Photojournalism Now: In Conversation is a new video series of interviews produced by journalist Alison Stieven-Taylor, who is the publisher of the widely read blog, Photojournalism Now and a long-time correspondent for L’Oeil de la Photographie.
“The motivation for this series is two-fold,” says Alison. “Followers of my blog have expressed interest in knowing more about the interviews I do with photographers, and video seems a perfect way to achieve this.

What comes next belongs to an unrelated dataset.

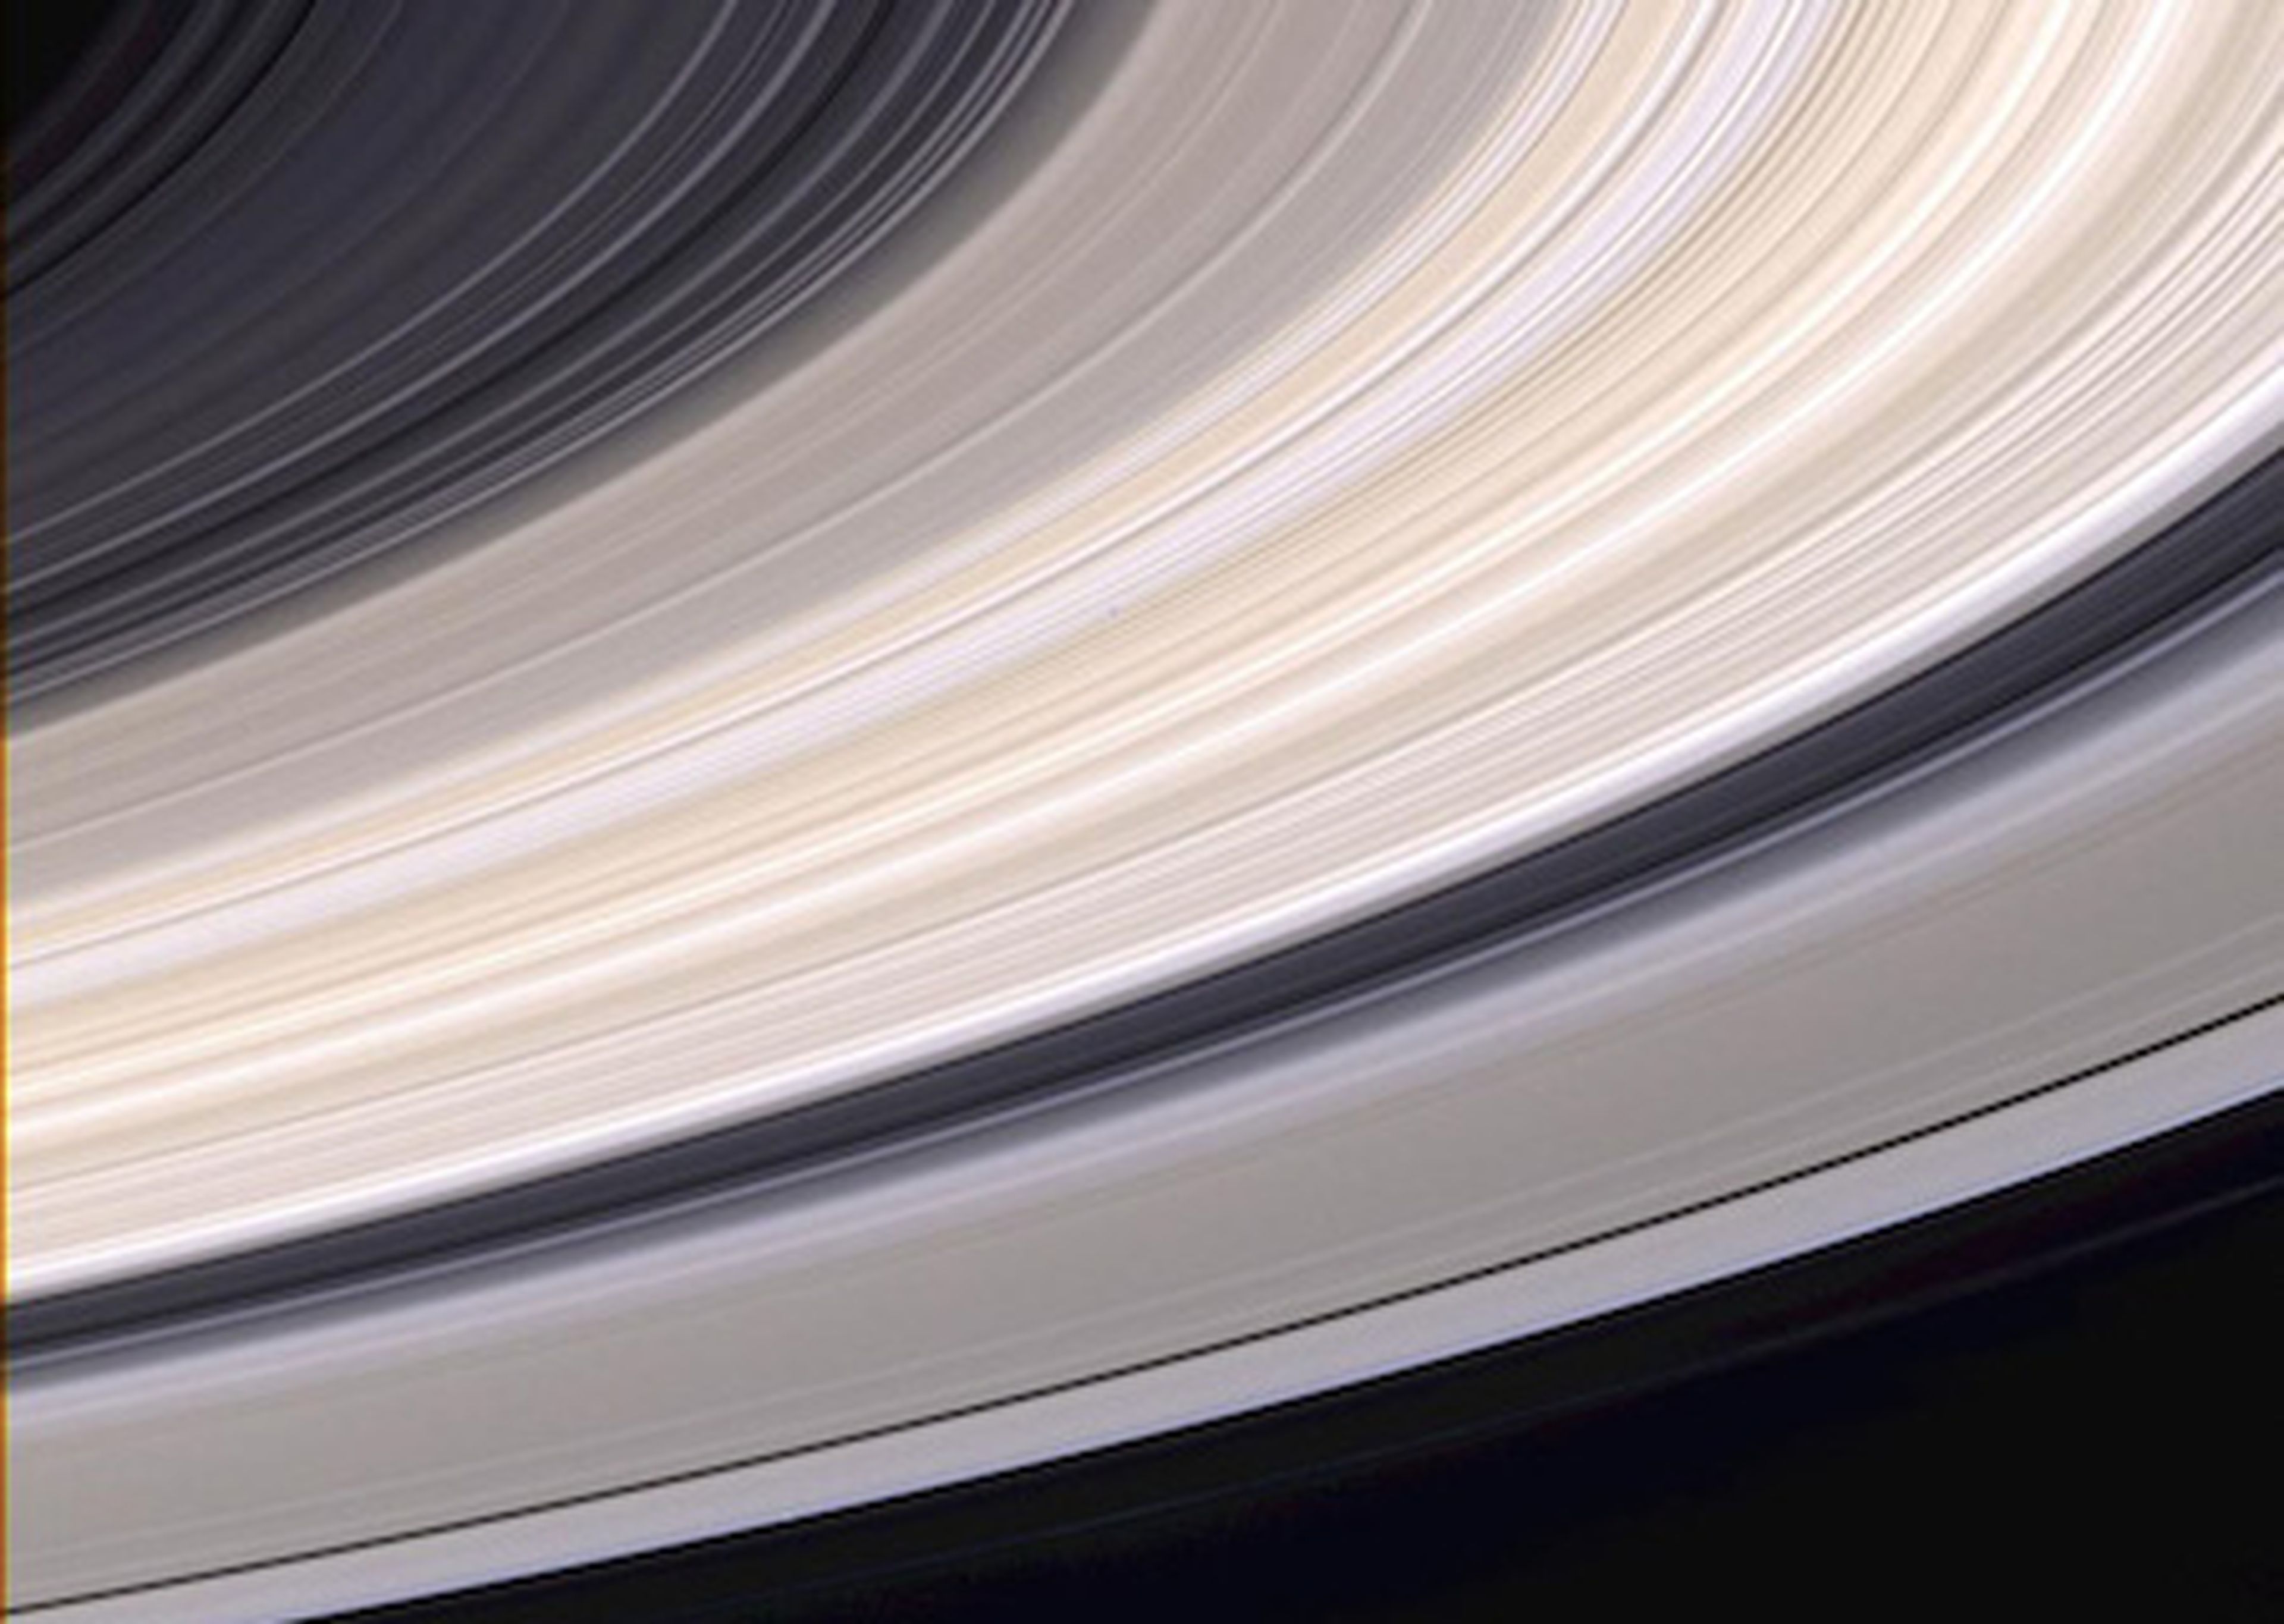 Fotografía de los anillos de Saturno tomada por la nave espacial Cassini.

And in this moment of Covid-19 I am curious to know how the pandemic has affected the way social documentary photographers work.”

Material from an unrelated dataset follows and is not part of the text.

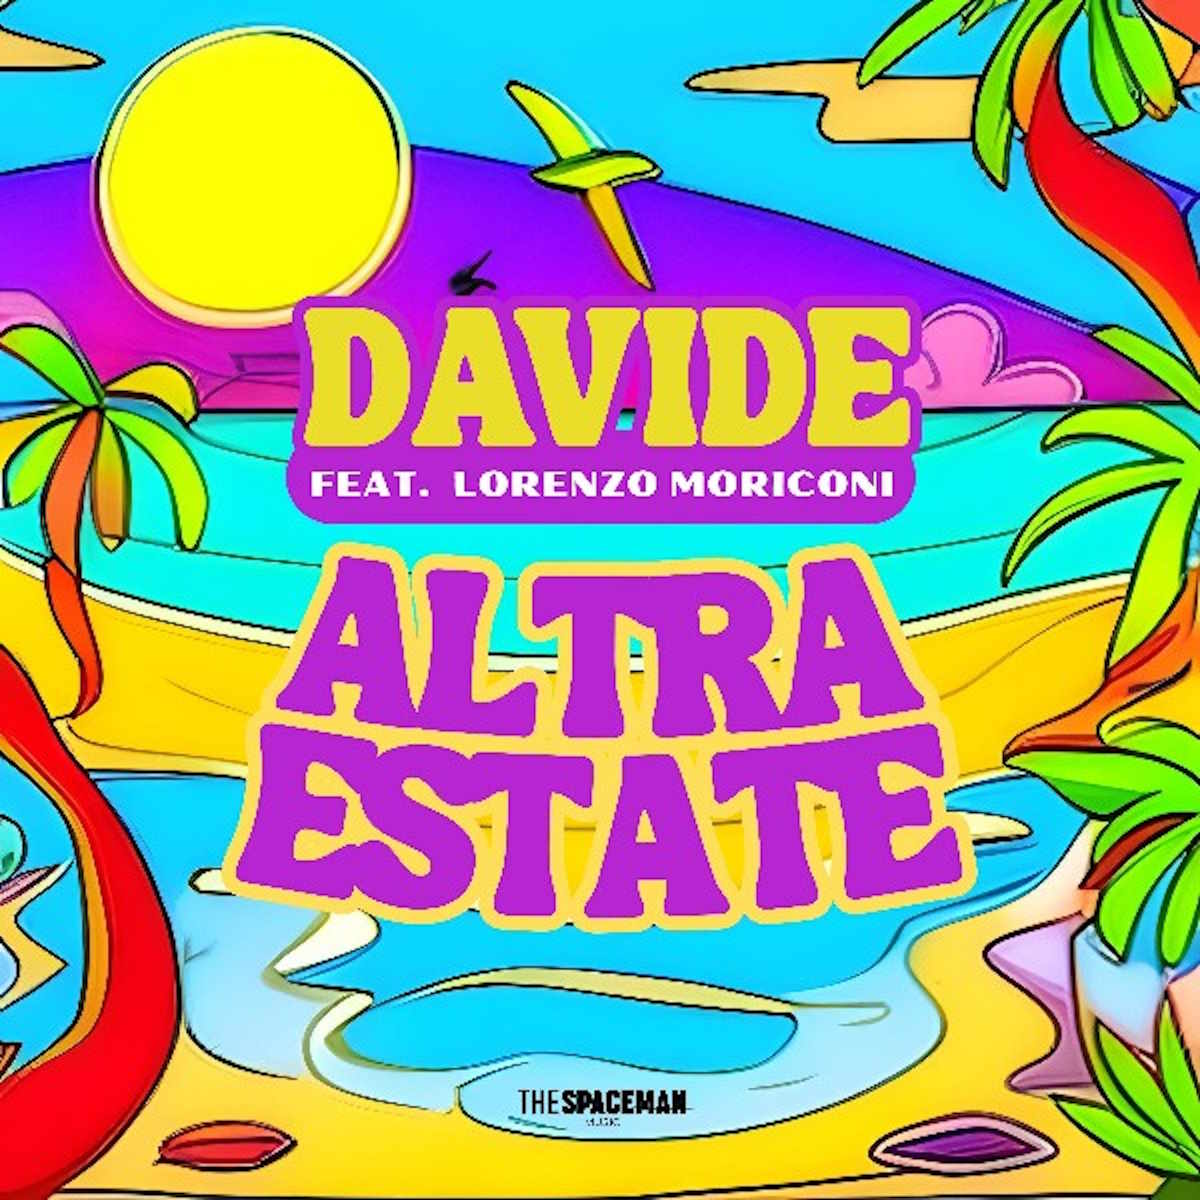 Il nuovo singolo di Davide  Altra Estate

Alison, who is based in Australia, says digital technology has made it possible to film in-depth discussions with photographers around the world. Each interview starts with insights into the way these professionals are working now and then segues into discussing specific projects.
The response from photographers has been incredible. “Everyone I have approached has agreed to participate. There is so much amazing work being done particularly in the areas of social change, which is the focus of my own research,” says Alison who is completing her PhD which examines visual journalism and social change in the digital age.
“I think the opportunity to talk about specific projects and issues, and to share the photographer’s inspiration and approach provides the audience with important insights. My hope is that this series prompts viewers to think about the issues that we’re talking about. Getting to know the photographer behind the picture is one way to encourage that engagement.”
Photojournalism Now: In Conversation debutes with Alison’s interview with award-winning visual journalist and activist Robin Hammond. Later this month The Eye of Photography will broadcast the second episode, featuring Pulitzer prize winning visual journalist Renée C. Byer. Photojournalism Now: In Conversation. Every month, a new episode will be featured on Alison’s YouTube channel and, of course, in the newspaper.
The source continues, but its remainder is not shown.